Gabapentin enacarbil (brand name Horizant) is a prodrug of gabapentin which has been designed to overcome the limitations of gabapentin, such as poor absorption and a short duration of action. Gabapentin enacarbil is effective for restless legs syndrome (RLS) and postherpetic neuralgia (nerve pain that occurs following Shingles).
Gabapentin belongs to the group of medicines known as anticonvulsants.
Gabapentin in the management of restless legs syndrome (RLS) has been evaluated in small controlled trials, demonstrating benefits compared with placebo. Gabapentin enacarbil is FDA-approved for the treatment of RLS .
The American Academy of Sleep Medicine (AASM) guidelines regarding RLS management consider gabapentin effective based on low-level evidence and note that patients with pain symptoms appeared to benefit most.

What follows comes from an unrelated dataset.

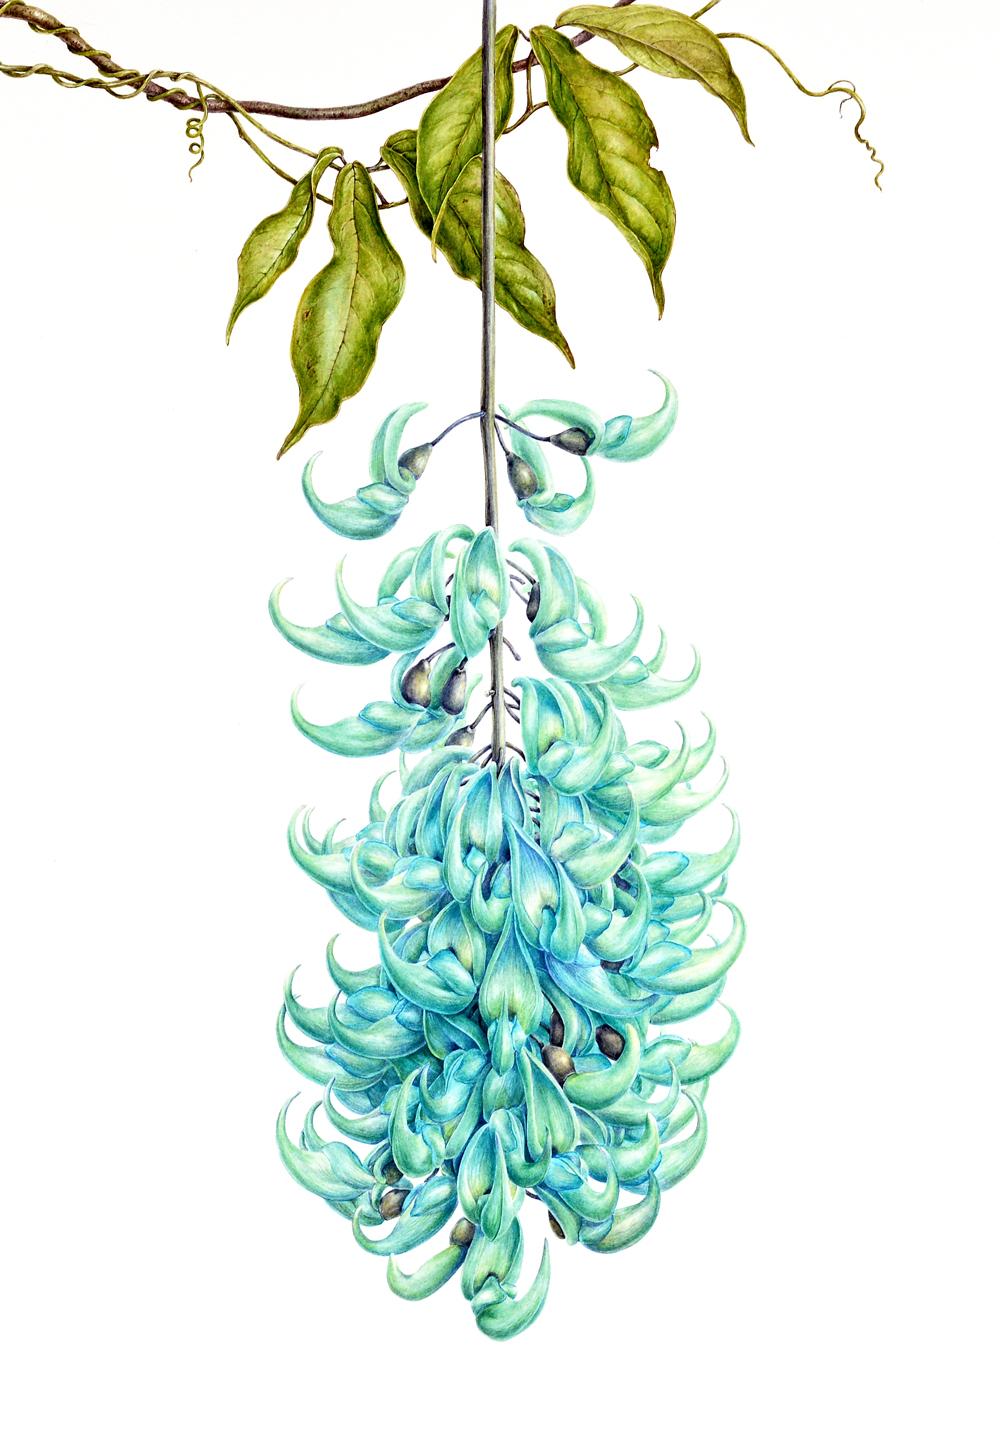 final JPEG image of jade vine painting saved for web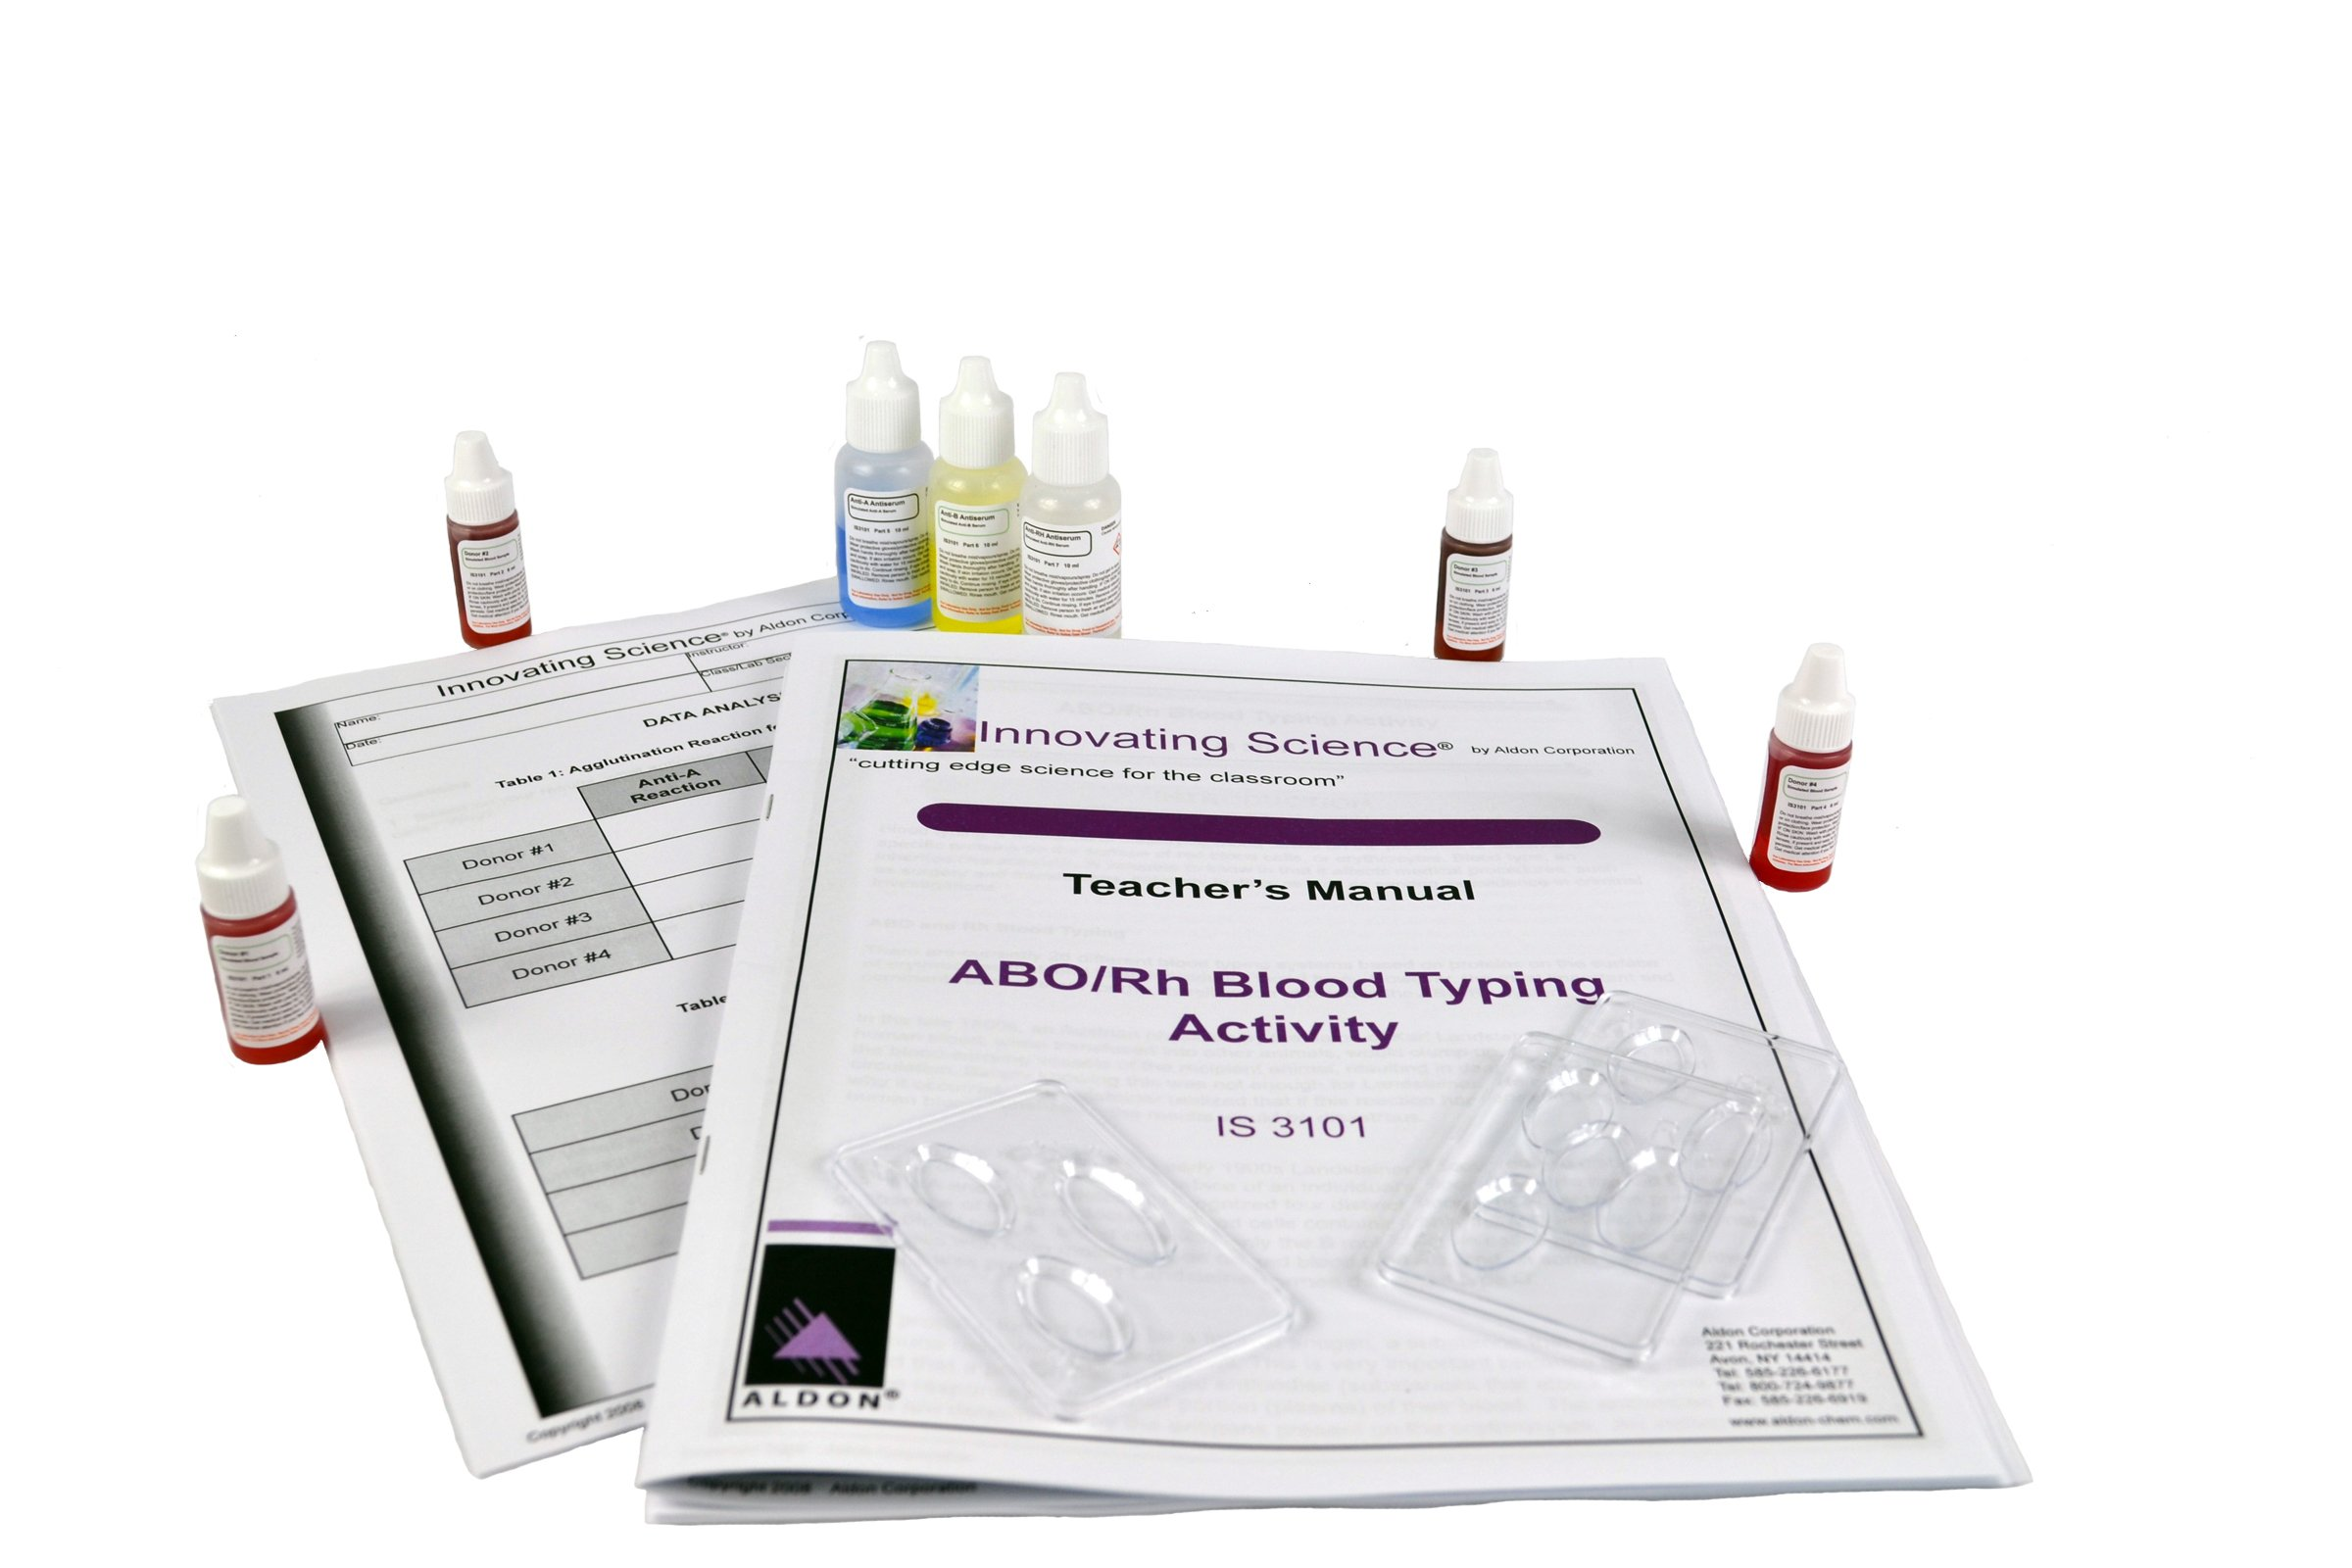 Innovating Science - ABO/Rh Blood Typing Kit

The benefit-risk ratio is unclear. The European Federation of Neurological Societies/European Neurological Society/European Sleep Research Society (EFNS/ENS/ESRS) Task Force guidelines consider gabapentin effective for short-term management and possibly effective for long-term management of RLS.
Additional study is needed to establish optimal dosing. Based on the International Restless Legs Syndrome Study Group, European Restless Legs Syndrome Study Group, and RLS Foundation (IRLSSG/EURLSSG/RLS-F) guidelines for the prevention and treatment of dopaminergic augmentation in restless legs syndrome, α2δ ligands (eg, gabapentin) are effective and should be considered for the initial treatment of patients with RLS due to their minimal risk of augmentation.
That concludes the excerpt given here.